Mar 26, 2015 7:59 AM in response to skanner21

If one of the partitions on a disk is bootable, then all the partitions can have bootable versions of Mac OS X.


So yes, you can clone the 1st partition to the 2nd partition and it will be bootable. Carbon Copy Cloner, SuperDuper, Disk Utility restore from the existing to the clone.


Yes you can add more stuff to the 2nd partition, just like you can add stuff to the partition you are booted on, and that does not cause you to loose bootability.


NOTE: Cloning to the same physical disk is NOT a backup, as if the disk fails, both partitions are lost.


A proper backup should follow 3-2-1

3 copies of your data (that includes the original)

2 different backup formats (a clone is an acceptable format)

1 copy off-site (prevents against natural disasters and theft)


And none of those backups should be on the same disk with the original data.

Mar 26, 2015 8:11 AM in response to skanner21

A bootable clone is an acceptable backup format (Carbon Copy Cloner, SuperDuper, Disk Utility)

Apple's Time Machine (part of Mac OS X)

A network backup (CrashPlan, Carbon Copy Cloner, Mozy, etc... -- also can be the off-site backup)


There are other backup utilities available, and each has its own unique format.


What you are trying to protect against is a bug in one backup utility contaminating ALL your backups. By having different utilities and formats, you will not be affected by the same bug in all your backups.

Mar 26, 2015 10:13 AM in response to skanner21

Ok so personnaly what do you advise ? I got the bootable clone so i need one more format right ? so it can be timemachine format or online network right ?

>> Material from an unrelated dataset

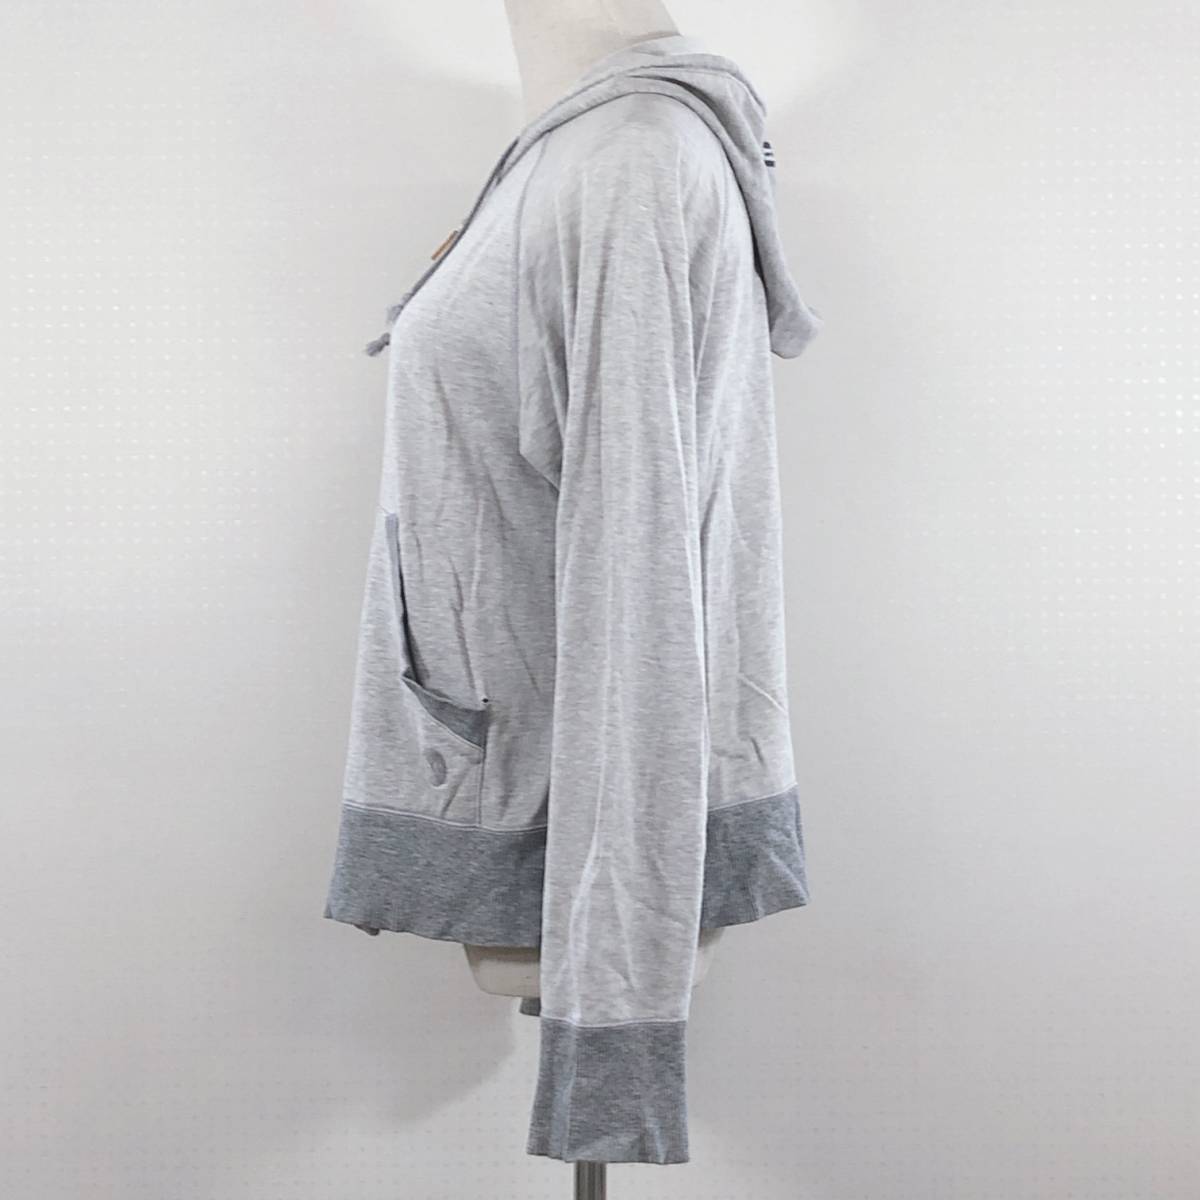 AS1134 HUITIEME 8ewitem lady's tops Zip Parker long sleeve M gray ash cotton 100% cotton active wear sport ko-te

The bootable clone, is on the same disk, so it is not a backup. At most it protects you from fumble finger deleting something you should not have. You can get it back. But if you loose your boot disk, you will loose your clone.


The original, and the 2 backups should all be on separate media so that a media failure does not take out more than just one copy of your file.


But with time machine if your internal disk failed can restore everything like a clone would do ?

A clone is very easy to just boot into, and continue as if nothing happened, except for the loss of new information between the time of the last clone and the failure. And it can then be used to restore the boot disk (or the boot disk replacement, if your clone is on a different disk).


Time Machine can be restored to the boot drive (or the boot drive replacement) via the Recovery Partition

<OS X Yosemite: Recover your entire system> This applies to Mavericks exactly the same

<http://www.imore.com/how-set-and-restore-time-machine-backup>


I do like having a bootable clone, because I can get back in business quickly booting from the clone. But it is not my only backup. And in my case I have more than 2 backups of the really important stuff. Time Machine, Clone, CrashPlan, a custom built rsync command line backup. And some of my backups are backed up 😮

Mar 26, 2015 12:48 PM in response to skanner21

One last question, can we use time machine to back up on a APM drive partition disk ? ( because i would like to use time machine to back up my new mac on a drive where im gonna made a bootable clone of my very old powerbook...)

Yes. Since Time Machine is not bootable, it can go onto an APM partition tabled based Partition.


The Clone, however, needs to be on an APM if the version of Mac OS X requires APM, or it needs to be on a GUID based partition table if the version of Mac OS X requires a GUID partition table to boot.


But Time Machine does not care about the partition table information, as long as it has an HFS+ file system to work with it is happy.